The expected output is the data below, character for character, without its pictures.

SUPPLIED MATERIAL ::
^^^^

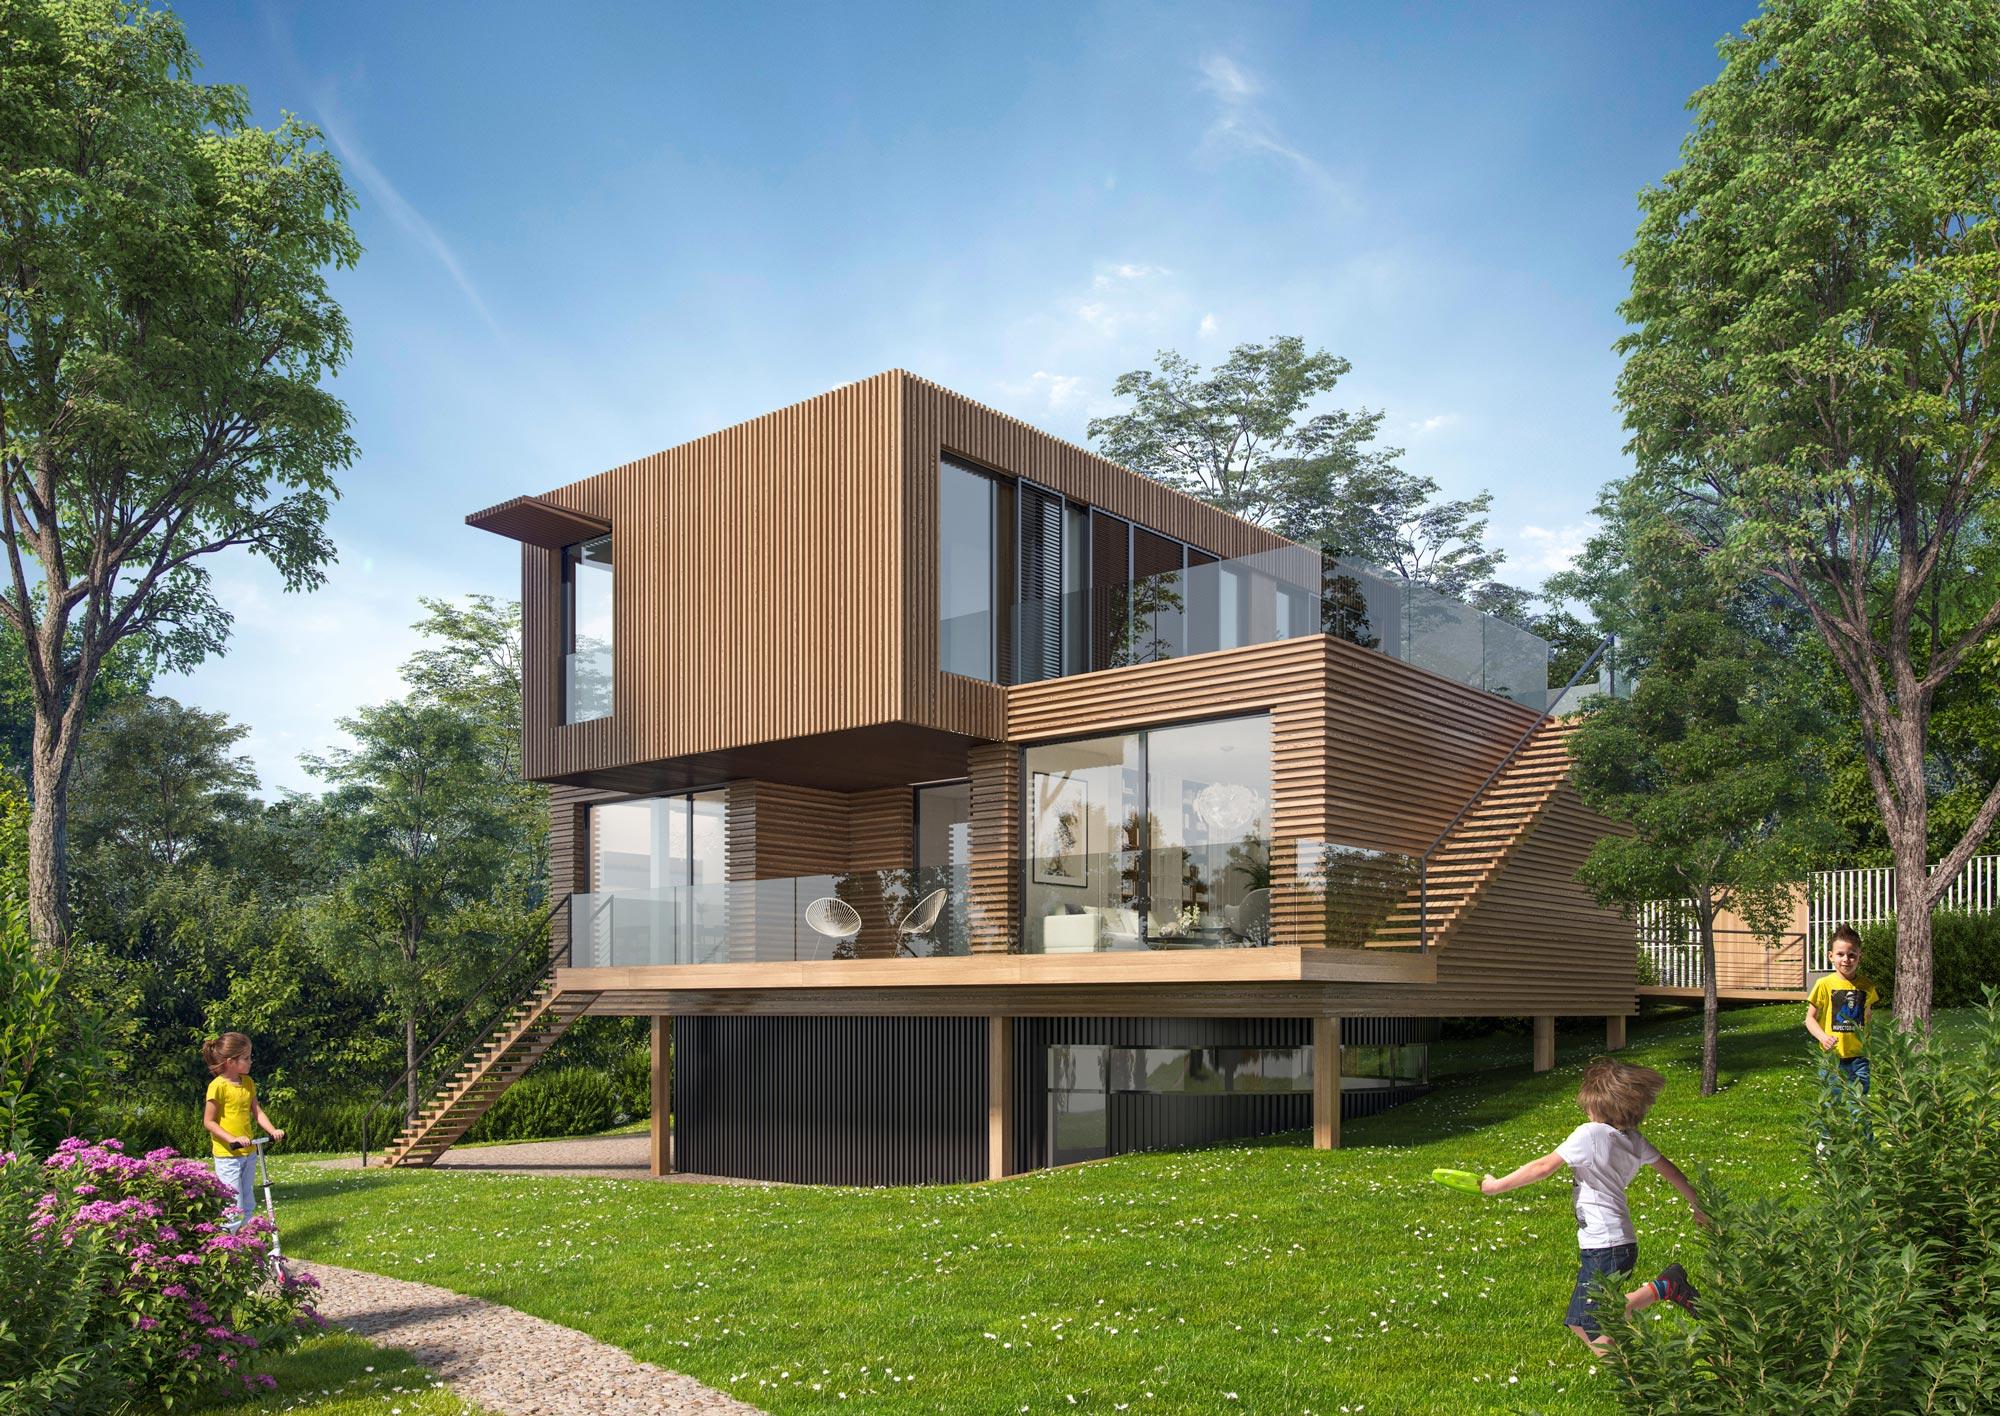 Single-Family House | France
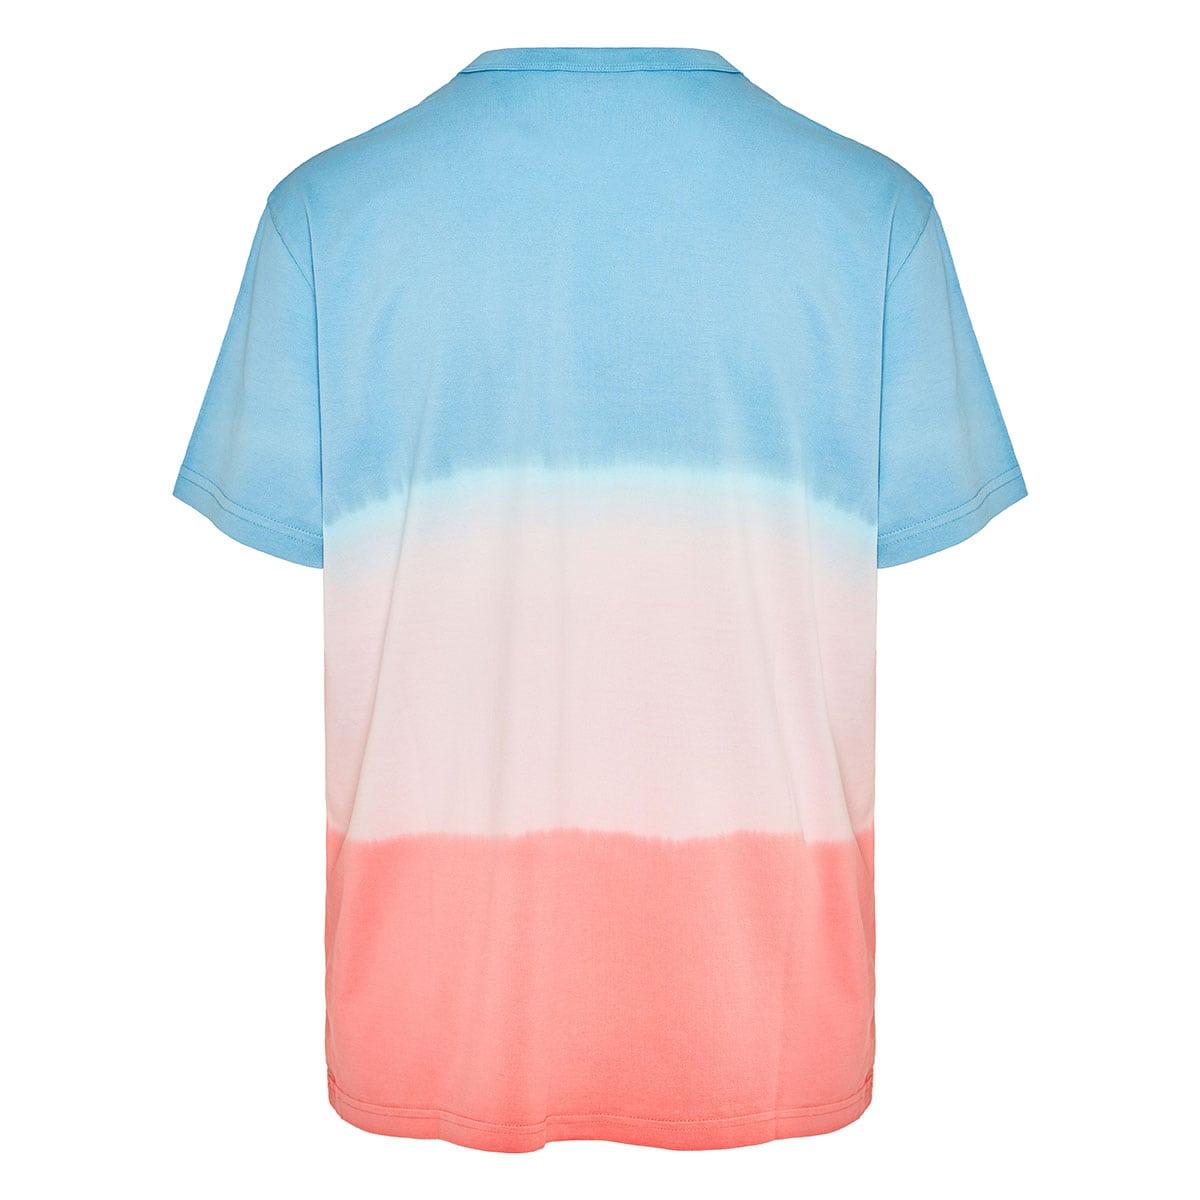 Oversized tie-dyo logo t-shirt
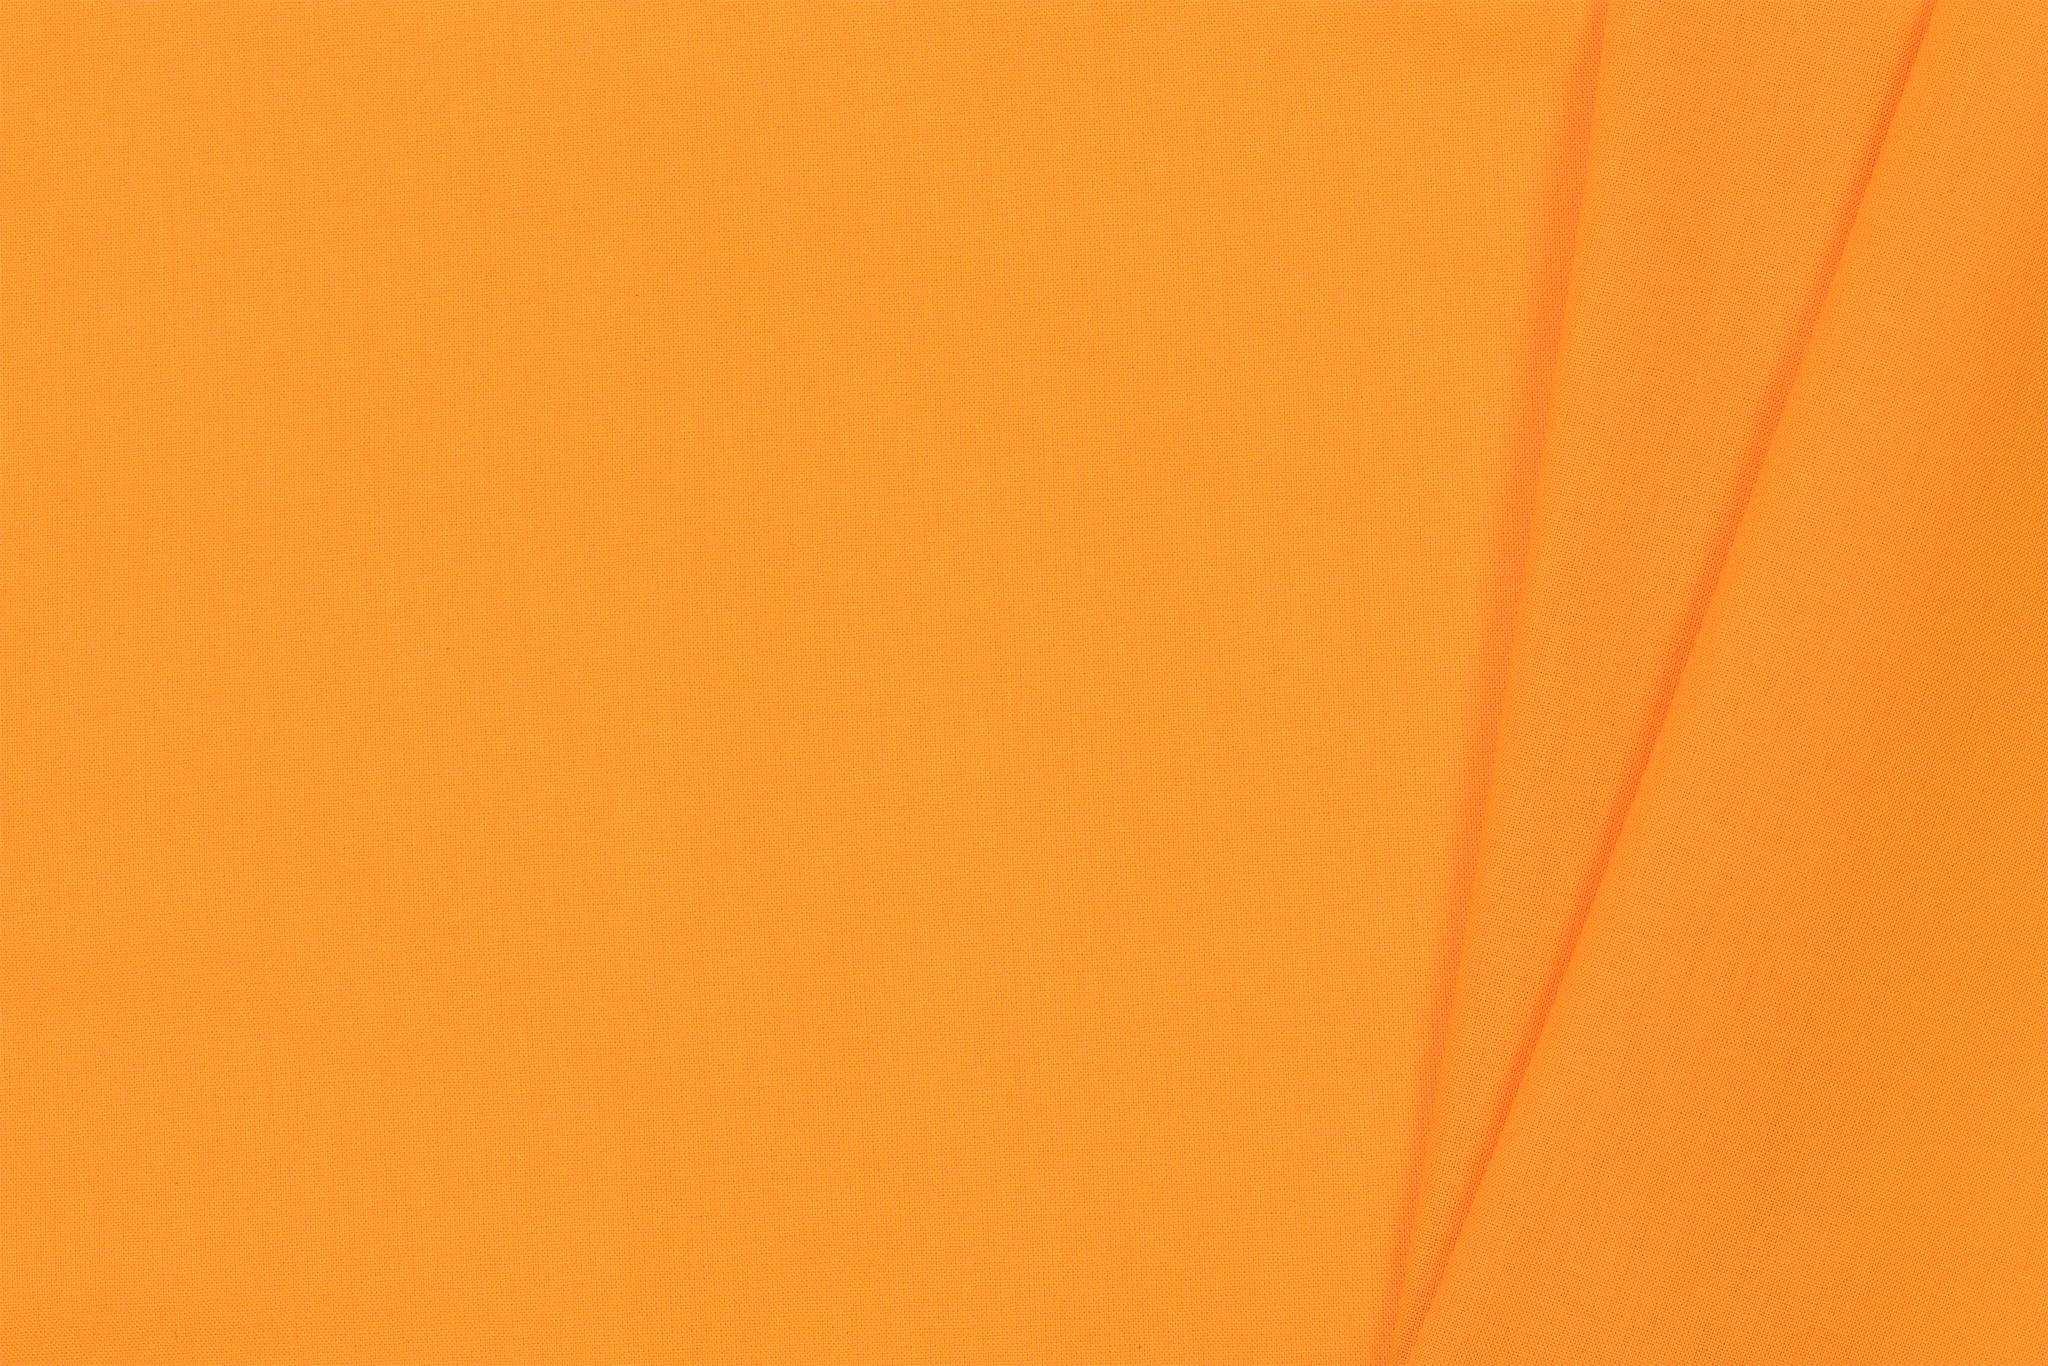 Uni katoen stof, licht oranje

^^^^

EXERCISE RESULT ::
 Single-Family House | France
 Oversized tie-dyo logo t-shirt
 Uni katoen stof, licht oranje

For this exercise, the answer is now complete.